Being an independent publisher is rewarding, tiring, and overall a crazy experience, so I like to be as transparent about it as possible. The Kickstarter numbers are public and easy to find, so I won’t rehash those here. This is all about how Dungeon World has faired in general availability.
The short version is: really well.
Lifetime non-Kickstarter sales are at 2652, including print and PDF. Considering that the print version has only been available for two weeks of those first 5 months that’s pretty respectable. Here’s the breakdown.
The majority of sales came through DriveThruRPG (and their other storefronts) as that was where we promoted Dungeon World most heavily. This was mostly because the setup was the least painful there, so we ended up being there first, and the cycle perpetuated. Indie Press Revolution, who we really like, was a bit harder to publish to and therefor got less of the hype cycle. What they did get was lots and lots of hardcopies, so they’re very happy now.
The most exciting part of this is that the PDF sales seem to have hit a pretty steady level. If Dungeon World really is able to plateau here we’ll be in a great position to build on it and roll that forward into more cool stuff.
This is all pretty typical stuff for indie publishers to release, but what about costs?
The best numbers I can offer there are for 2012, as I’ve compiled those for tax purposes. 2013 gets more interesting as we travel to cons and so on, but that data is still coming in. I’m a little nervous to make these public, as it’s easy to draw conclusions from these numbers. It’s possible that we’ll get responses like “why didn’t you give your buyers more stuff instead of making money?” With that in mind, I’d rather paint an accurate picture of what publishing Dungeon World has cost. I am obscuring it just a bit as to not reveal the exact deals our vendors gave us, in the interest of not exposing any of their information.
The physical items we created for Dungeon World (softcovers, hardcovers, scoutbooks, dice, pen, pins, patches, notebooks) cost us $19,959.18. The art and editing we obtained cost us $1,725. Shipping costs are still ongoing, but we’ve already spent $31,253.50 on postage alone (not counting packaging and labeling). There are a lot of minor expenses that I’m not summing up here: the printer we use to print postage, the pizza and beer we bought for the folks that helped us pack, etc. That puts our total expenses over $52,937.68.
Not included here are things that we already had from Dungeon World Basic, like the fonts and some of the art. To give a sense of scale, we printed 2000 softcovers and 700 hardcovers for Dungeon World (as opposed to two runs of 100 for Dungeon World Basic).
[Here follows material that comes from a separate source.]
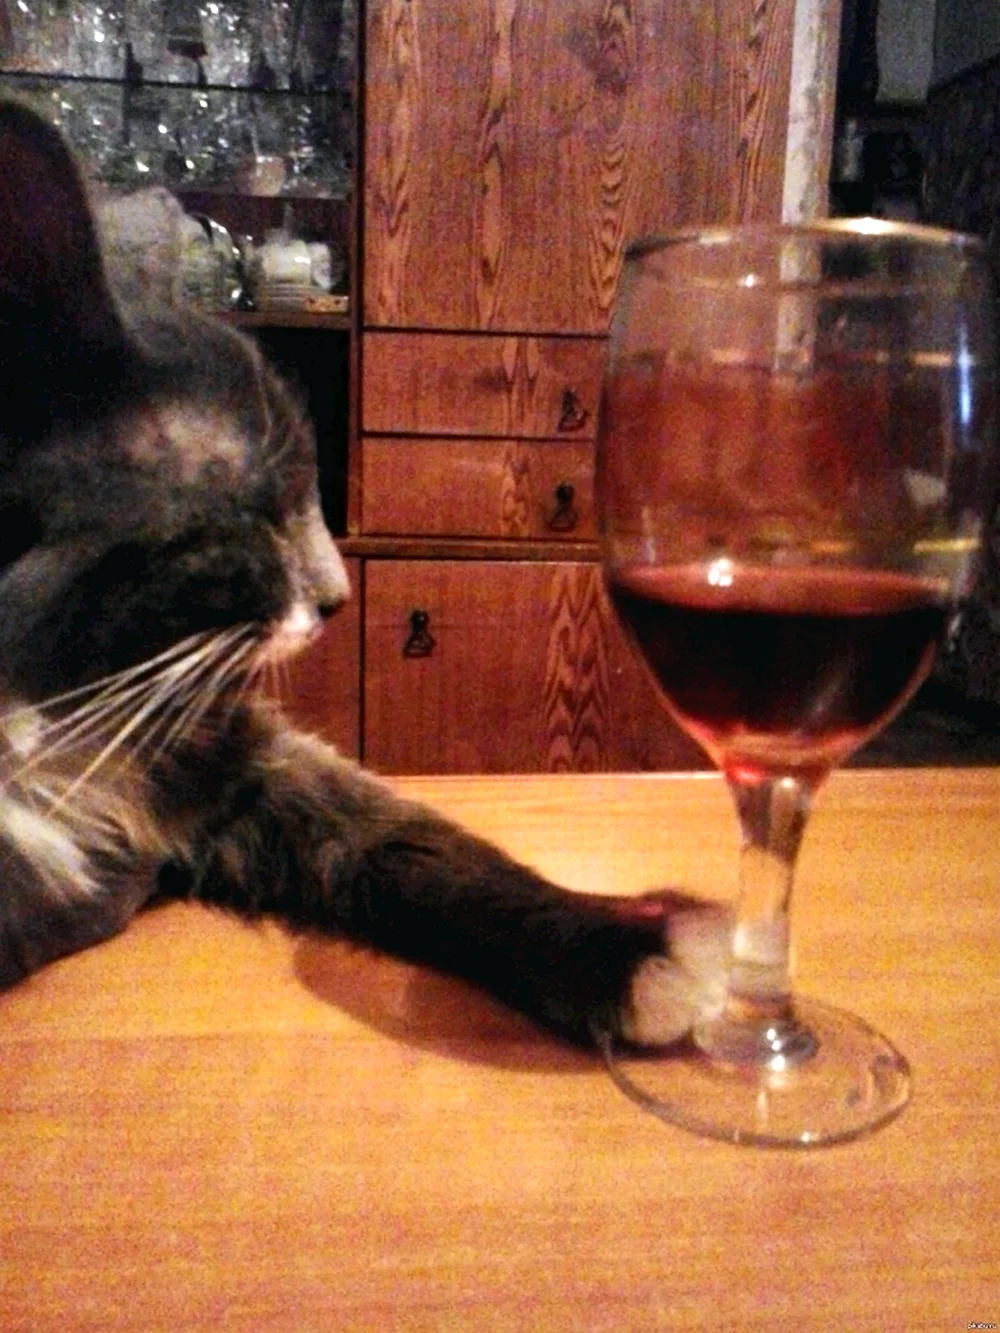 Кот с вином

So that’s a picture of what being an indie publisher looks like, if you happen to come upon a hit. Dungeon World currently has a little over $34,000 in the bank, with more coming in from ongoing sales. That money will be used to pay taxes for 2012 and then a significant part of it will be split between Adam and I.
The interesting thing about this is that Dungeon World could support one full-time developer living somewhere cheap. Adam and I have no interest in doing that—we have jobs we like and want to keep Dungeon World fun to work on—but it’s interesting that it could be possible.
I’ll leave off with a caveat that Adam and I have been extremely lucky here. Dungeon World is one of those rare situations where the right idea happens at the right time and we were the ones who ended up riding it. I’ve had far more ideas that never worked out than successes. Don’t take this as a guarantee of what any indie game will do, we’re lucky outliers here.